The Internet has opened up the largest venue for the distribution and consumption of video content and it is impacting the expectations of consumers.

The explosion in content has coincided with advances in technology and increasing accessibility and affordability of technology for video producers at all levels of the production food chain. We are seeing higher levels of production value at lower costs. There is more quality content competing for an audience than ever before.

This has sent major shockwaves through the entertainment industry. Beyond YouTube, the advent of streaming services like Netflix, Hulu, and Amazon Prime among others, have blurred (and in some cases eliminated) the boundaries between the Internet, TV, and Movies. These three, increasingly overlapping, spheres are competing against one another for our most precious currency, our time.

Television is in the midst of a new Golden Age. The past decade has seen innovative content, the championing of fresh voices, and seismic disruptions of content release patterns by various networks and non-traditional outlets.

Netflix has changed the consumers’ consumption expectations by embracing customers’ tendencies to ‘binge-watch.’ HBO has embraced ‘high-concept’ series such as Game of Thrones and Westworld which traditionally would be destined for a big screen.

Networks have embraced storytelling in all forms, breathing new life into anthologies and limited series. HBO, AMC, FX and others are creating ‘auteur TV’ where writers and producers have the power to create their vision of their stories .

Similarly, shifts in viewing habits have found the movie business trying to reinvent itself to continue to keep up with its audience. This has led to several schools of thought as to how to keep movie-goers coming to cinemas.

There are those who think the key is to enhance the theater-going experience by expanding concessions at the theater, making formal dinners available to movie-goers and serving alcohol to patrons. Some believe that movie theaters need to continue to enhance technology by increasing frame-rates, upping resolutions and creating 3-D experiences. There are those that champion day and date releases, meaning a consumer can see the film in a theater, stream it or watch it on-demand in the comfort of their home on the same release day.

For many indie filmmakers including RPR, we see this multi-platform world as an opportunity to find a mass audience for stories that never would have found them in the past.

The eye test to distinguish what belongs on TV and what belongs on film is increasingly blurry. The trend towards TV has grown so strong, that it is common practice for creative talent pitching projects to have both a TV and a film version of the project to shop.

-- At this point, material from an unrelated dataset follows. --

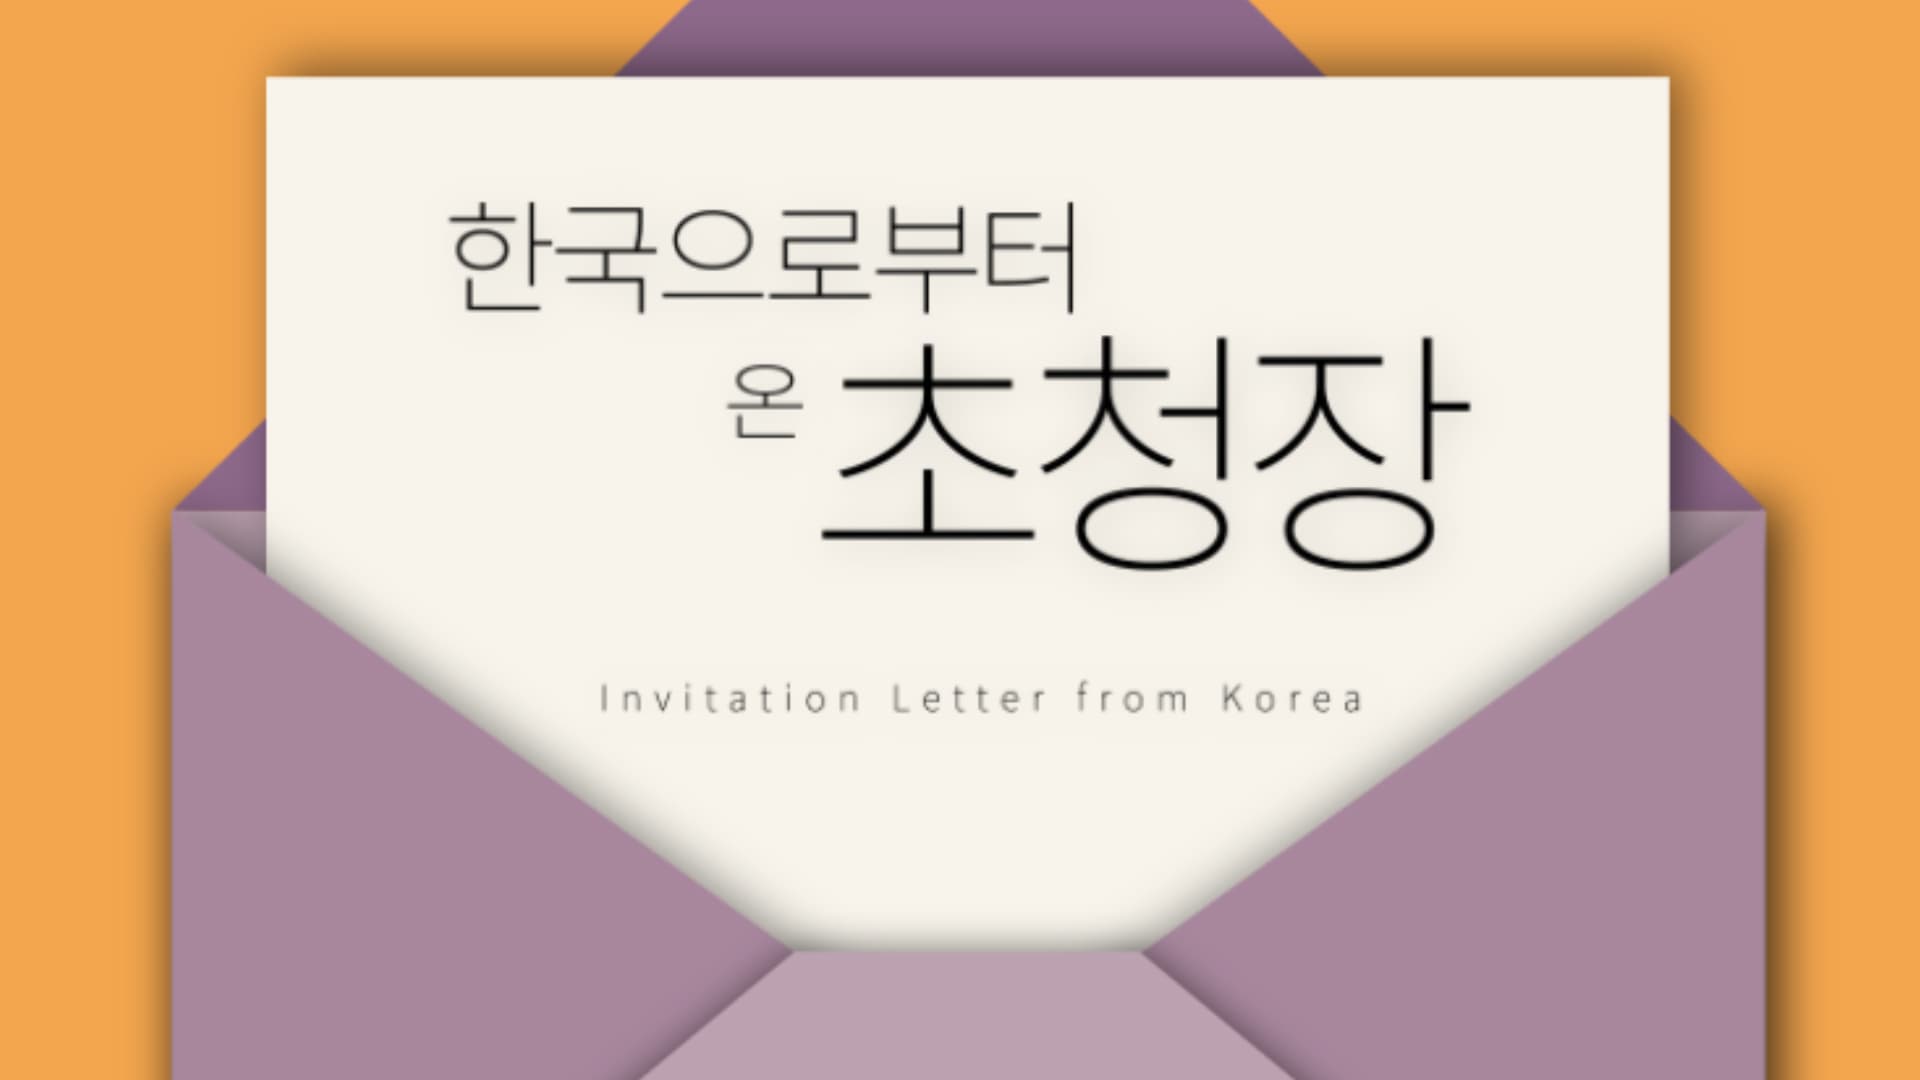 [해외문화PD 기획영상] 한국으로부터 온 초청장

The rise in quality has also coincided with an increase in quantity. With the massive expansion of the avenues to deliver content, there has been an increase in the demand for content for those channels. In 2016, there were over 490 original scripted series released, meaning that the production opportunities for content producers and the resulting viewing options for consumers is at an all-time high

This reinvention of content creation and consumption patterns has brought some non-traditional video producers into the market. Large newspapers such as the New York Times and the Washington Post are becoming increasingly digital, evolving from a traditional newspaper into content producers. Pushing content out across their various platforms, print, video, educational, and even virtual reality. Magazines have an increasing digital focus, featuring video updates on their websites and regular podcasts.

In February, Conde Nast, the publishing titan that owns such publications as Vanity Fair, GQ and Vogue increased their footprint in their video content arena by launching a program called The Big Script, intended to champion short films. This underscores the collapse of traditionally media siloes into the infinity of cyberspace. Conde Nast is simply doing what everyone in the content production must do, updating its storytelling to the medium of the moment with an eye on the future.

There are a lot of questions to be asked when businesses first start thinking about using video for their marketing needs. How much is a professional video going to cost? Who or what is needed? How long will it take to make? At RPR Studios, we encounter these questions and more with every new client we meet and we’d like to set you up to succeed. So how should you approach your video project?

  1. Have a Vision

Before you call on a video production company it’s best to have an idea of what style of video you’d like, what message you need to get across, and what budget you’re working with. Do you want to showcase your business from all angles with employee interviews, client testimonials, and lots of footage of your establishment? Do you need to document a roundtable discussion for demonstrative purposes? Do you want to use actors in a scripted scene to entertain your audience? It’s helpful to do some research and collect examples of videos that you can share with the production team. The clearer you can be with your expectations, the easier it is for a video producer to facilitate them or suggest cost-effective alternatives.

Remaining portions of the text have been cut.